Thus, in the second aspect, lactic acid in the culture solution 14
is removed by using a culture apparatus equipped with the culture
vessel 10, and the lactic acid adsorbent 4 supported on the inner
wall surface of the culture vessel 10.
[0041] In a third aspect as illustrated in FIG. 1C, the culture
vessel 10 has a structure in which the inside of the vessel is
divided into an upper part 10a and a lower part 10b by a diaphragm
18 such as a porous membrane. The culture vessel 10 of this kind is
exemplified by a cell culture insert. The upper part 10a contains
the culture solution 14 and the cells 16, and the lower part 10b
contains the culture solution 14 and the lactic acid adsorbent 4.

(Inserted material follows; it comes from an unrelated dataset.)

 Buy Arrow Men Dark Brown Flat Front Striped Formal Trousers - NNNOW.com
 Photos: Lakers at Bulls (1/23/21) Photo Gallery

The culture solution 14 can move back and forth between the upper
part 10a and the lower part 10b through the diaphragm 18. In
contrast, the cells 16 and the lactic acid adsorbent 4 cannot pass
through the diaphragm 18.
[0042] In such a structure, the culture solution 14 comes into
contact with the lactic acid adsorbent 4 contained in the lower
part 10b. The lactic acid in the culture solution 14 can be
therefore adsorbed onto the lactic acid adsorbent 4. Thus, in the
third aspect, lactic acid in the culture solution 14 is removed by
using a culture apparatus equipped with the culture vessel 10, the
lactic acid adsorbent 4, and the diaphragm 18 that divides the
inside of the culture vessel 10 into a first space containing the
lactic acid adsorbent 4 and a second space containing the cells
16.
[0043] In a fourth aspect illustrated in FIG. 1D, the lactic acid
adsorbent 4 in the form of particles is dispersed, precipitated, or
suspended in the culture solution 14. Accordingly, the lactic acid
in the culture solution 14 can be adsorbed onto the lactic acid
adsorbent 4. The lactic acid adsorbent 4 preferably has
predetermined size or larger, such as 10 .mu.m or larger, to
prevent phagocytosis by the cells 16. Thus, in the fourth aspect,
lactic acid in the culture solution 14 is removed by using a
culture apparatus equipped with the culture vessel 10, and the
lactic acid adsorbent 4 added to the culture solution 14 in the
culture vessel 10.
[0044] The lactic acid adsorbent is preferably coated with a resin,
such as polyvinyl alcohol, a biological gel, such as collagen,
alginic acid or gelatin, or the like. This can restrain fine
particles that may affect cells and the like from flowing out of
the lactic acid adsorbent into the culture solution. Alternatively,
the lactic acid adsorbent may be formed by kneading a layered
double hydroxide with a ceramic binder, resin binder, biological
gel, or the like. This can also restrain the outflow of the fine
particles. Examples of the ceramic binder include an alumina binder
and colloidal silica. Examples of the resin binder include
polyvinyl alcohol and carboxymethyl cellulose. Examples of the
biological gel include collagen, alginic acid and gelatin.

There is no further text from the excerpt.